Le bâton d'Euclide - Le roman de la bibliothèque d'Alexandrie
Apporter des livres à Alexandrie était le meilleur des passeports pour leur ouvrir les greniers à blé, les mines d’émeraude, les magasins de tissu d’Égypte. Ils écumèrent toutes les villes, les palais et les riches demeures où il était de mode d’entasser ostensiblement dans leur écrin de soie des manuscrits qu’on ne lisait pas, mais que l’on montrait comme un objet de prestige ou d’opulence. Et cela ne coûtait rien ou si peu aux marchands. Ils versaient une garantie purement symbolique, promettant aux donateurs de leur restituer la totalité de leur bien, sous forme de copie, mais toujours dans leur belle enveloppe. Pour la plupart d’entre ces gens, qu’importait de détenir une copie à la place de l’original ? Leur bibliothèque continuerait à être un objet d’admiration, auquel s’ajouterait la gloire d’avoir leur nom inscrit pour l’éternité dans les registres du nouveau Pharaon, comme le leur faisaient miroiter les marchands.
Par bonheur, il est d’autres amoureux des livres que ces gens avides de gloriole. Tous ceux pour qui lire est une joie profonde, une quête de la sagesse ou un outil de travail. Et ceux-là, pour qu’ils cèdent leur bibliothèque, c’était une autre antienne. Alors, comme Ptolémée le lui avait demandé, Démétrios appela tous ces savants et érudits à Alexandrie, pour vivre et étudier au sein du temple des Muses. Rien ne viendrait entraver la liberté de la recherche, ni la religion, ni la politique. Il n’y mettait qu’une seule condition : qu’ils ne viennent pas seuls, mais avec leurs livres. Non seulement ils en auraient l’usage, sur place, mais en plus ils pourraient se servir à loisir de tous les autres.
Ils affluèrent en masse, leurs disciples les suivirent, mais aussi tous ceux qui étaient avides d’apprendre ou de découvrir eux-mêmes les merveilles du monde. C’est ainsi que se constitua la plus grande Bibliothèque de l’univers.
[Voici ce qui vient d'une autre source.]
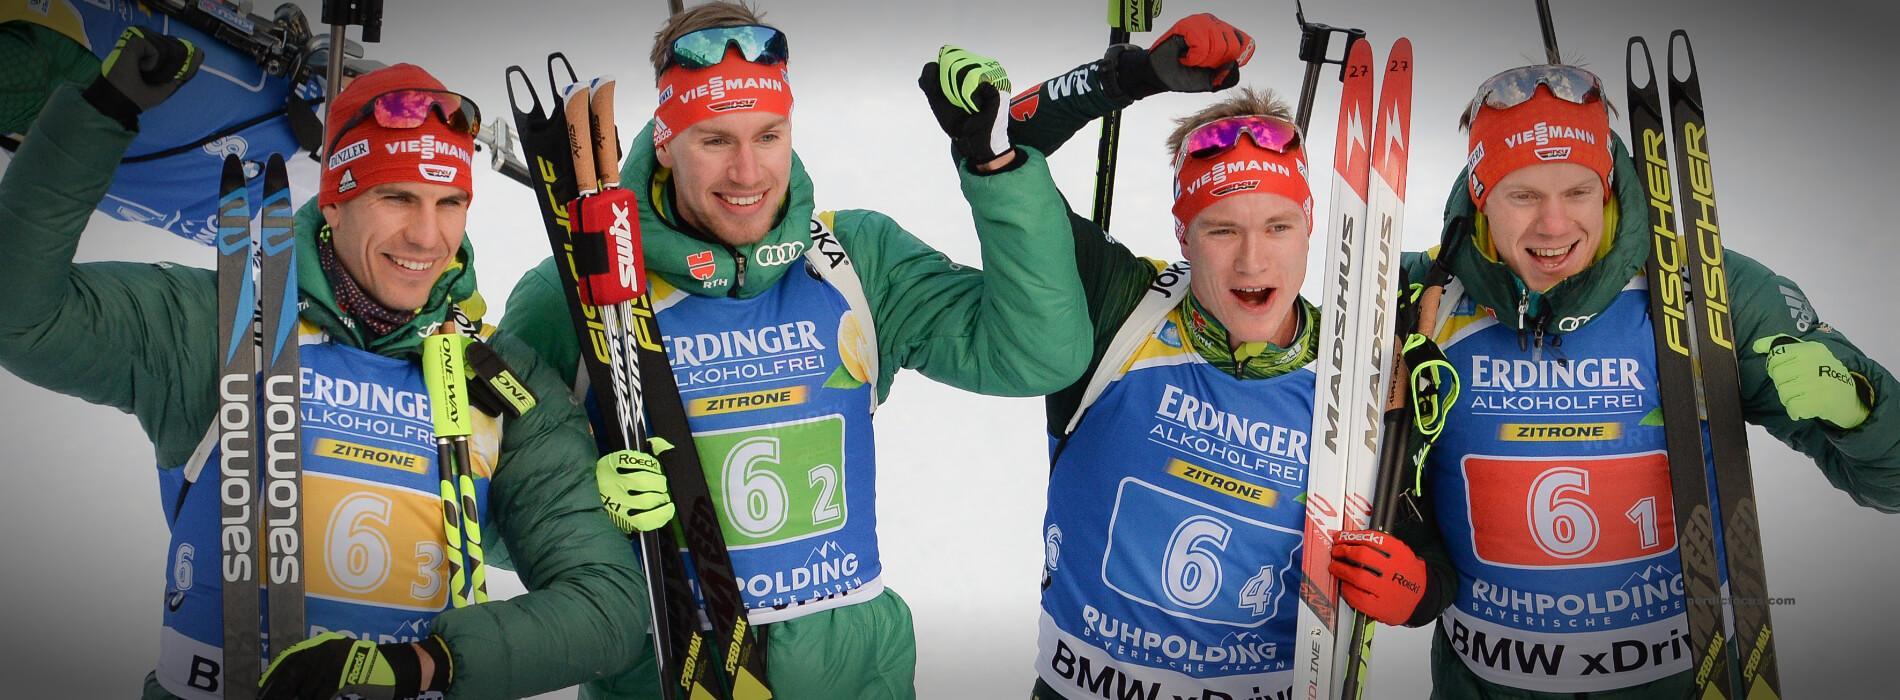 Staffel Deutschland Herren Ruhpolding 2019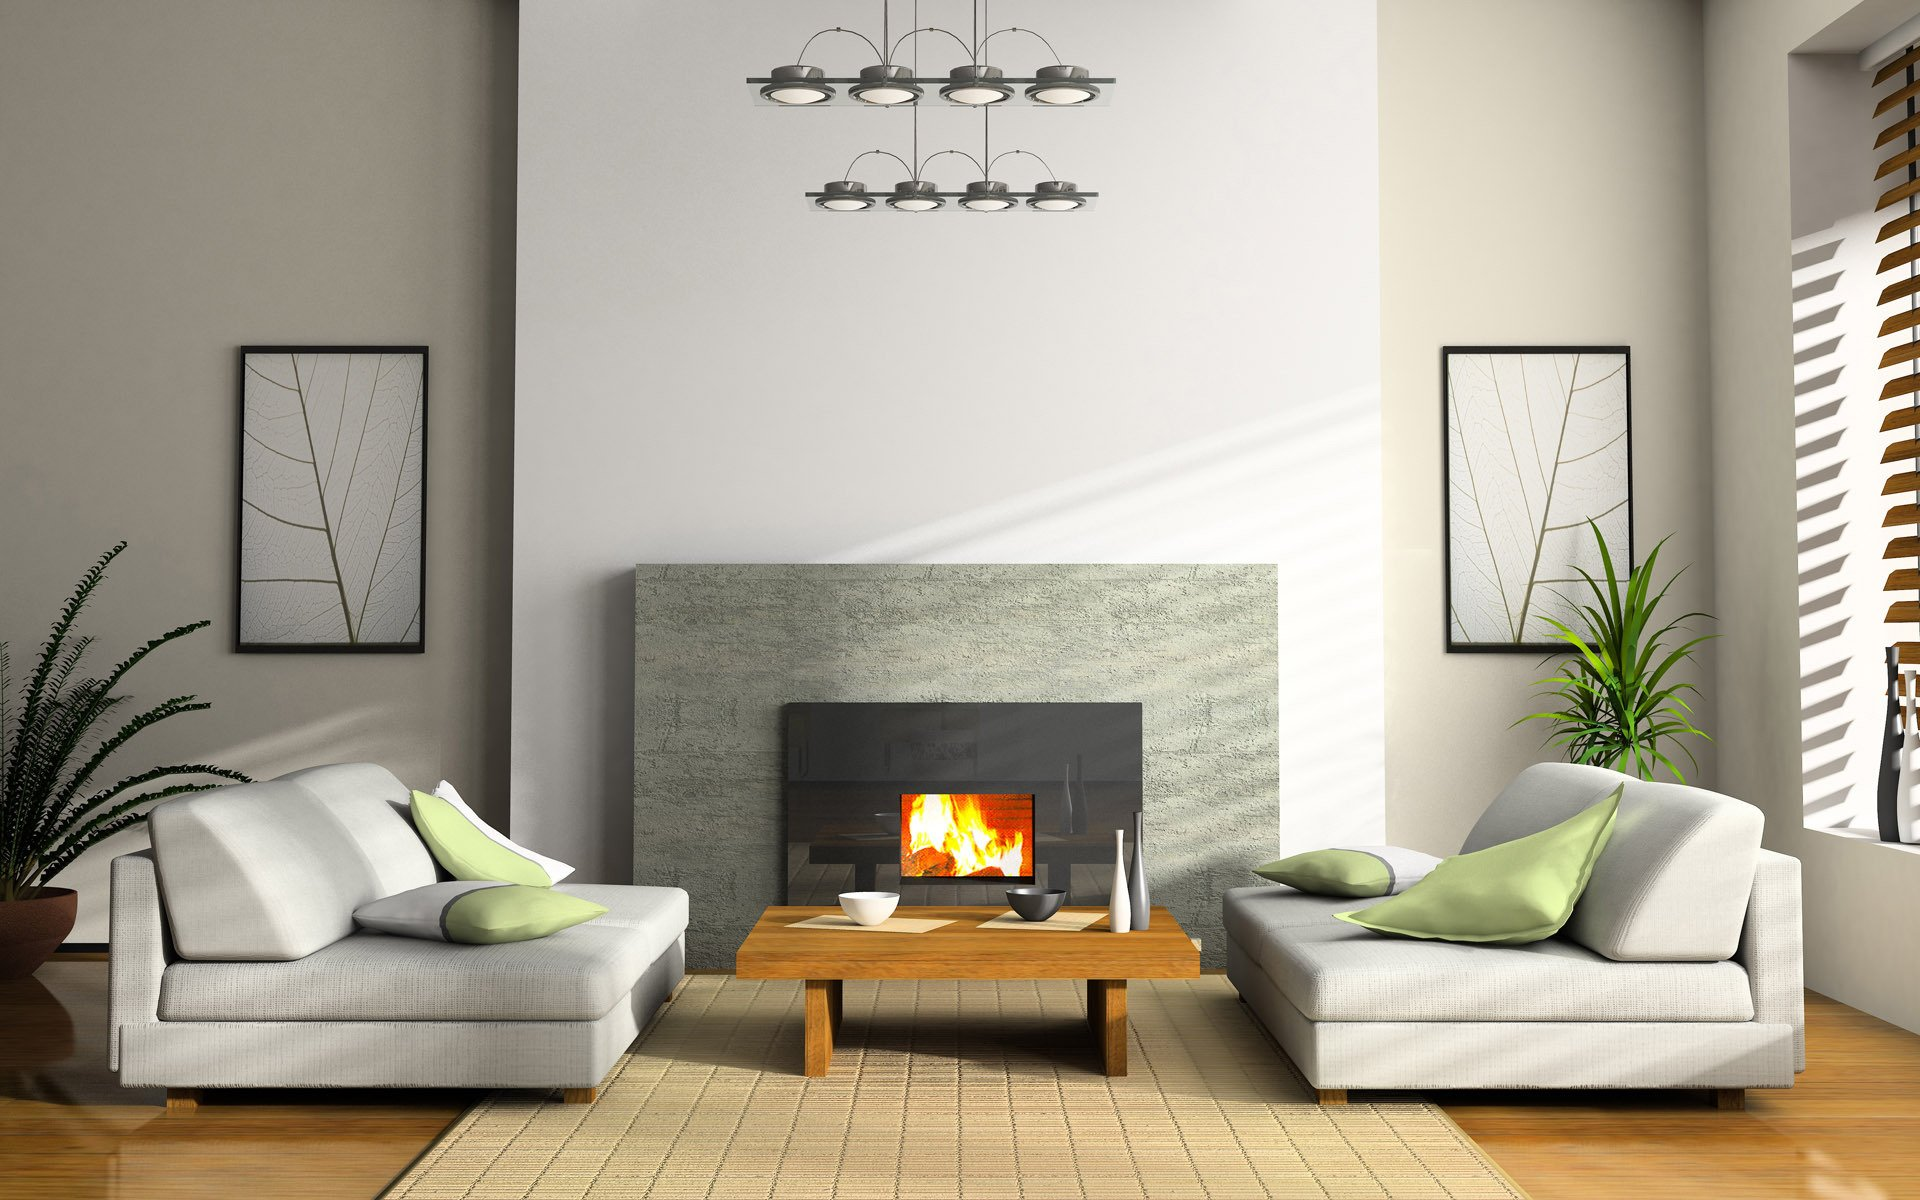 Wanddeko Draußen Neu Interior Room Apartment Design Style sofa Chair Fire Firepla

Chaque fois que les affaires de la guerre et du gouvernement lui en laissaient le temps, Ptolémée Sôter venait dans la Bibliothèque, prenait familièrement Démétrios par le bras et l’entraînait sous le péripate, où ils marchaient longtemps en bavardant, à l’imitation de leur maître à tous deux, Aristote… Et comme je t’invite à le faire maintenant, Amrou, ainsi que nos jeunes amis. La marche délie la langue et les idées, tandis que la position assise est celle d’un homme ramassé sur lui-même, comme pour garder en égoïste ce qu’il a en lui.
Ptolémée et Démétrios allaient ainsi, accompagnés souvent d’un des savants à qui le roi avait demandé de venir à ses côtés. La première question du monarque était toujours la même :
— Combien avons-nous de livres, désormais, ami Démétrios ?
Après deux années de collecte, le bibliothécaire lui répondit :
— Bientôt cinquante-cinq mille, roi. Mais j’ai entendu dire qu’il y en a encore une grande quantité chez les Éthiopiens, les Indiens, les Persans, les Élamites, les Babyloniens, les Assyriens, les Chaldéens, les Phéniciens et les Syriens.
— Et combien crois-tu qu’il y en ait dans le monde ?
— Ma foi, je n’en sais rien. Demande-le plutôt à Euclide.
Ce disant, il se tourna vers le jeune homme qui les accompagnait en silence. Euclide ne devait pas avoir plus de vingt-cinq ans. Il était beau, et c’était le plus grand mathématicien que le monde eût jamais connu.
Ne t’en étonne pas, Amrou. C’est une idée commune d’imaginer le savant sous mes traits. Un vieillard tremblotant et radoteur, chauve, la barbe grise, le regard trouble et rougi par trop de peine, le dos voûté par trop de savoir à porter, et qui n’a jamais aimé, jamais ri, jamais chanté. Regarde cependant la beauté de ma nièce. Inventer, comprendre, oser avec force des propositions, des hypothèses et des axiomes sur l’agencement du monde, avec un œil neuf et une certaine inconscience, est l’apanage de la jeunesse. Après… Mais Hypatie te parlera d’Euclide bien mieux que moi, quand le temps viendra.
Donc, le jeune et bel Euclide éclata de rire et dit :
— Comment veux-tu que je te dise cela, roi ? Il faudrait d’abord que je sache combien il y a de langues au monde, et d’écritures pour les transmettre. De cela, je ne m’en soucie pas plus que de la virginité d’Athéna…
— Donne-moi au moins une estimation.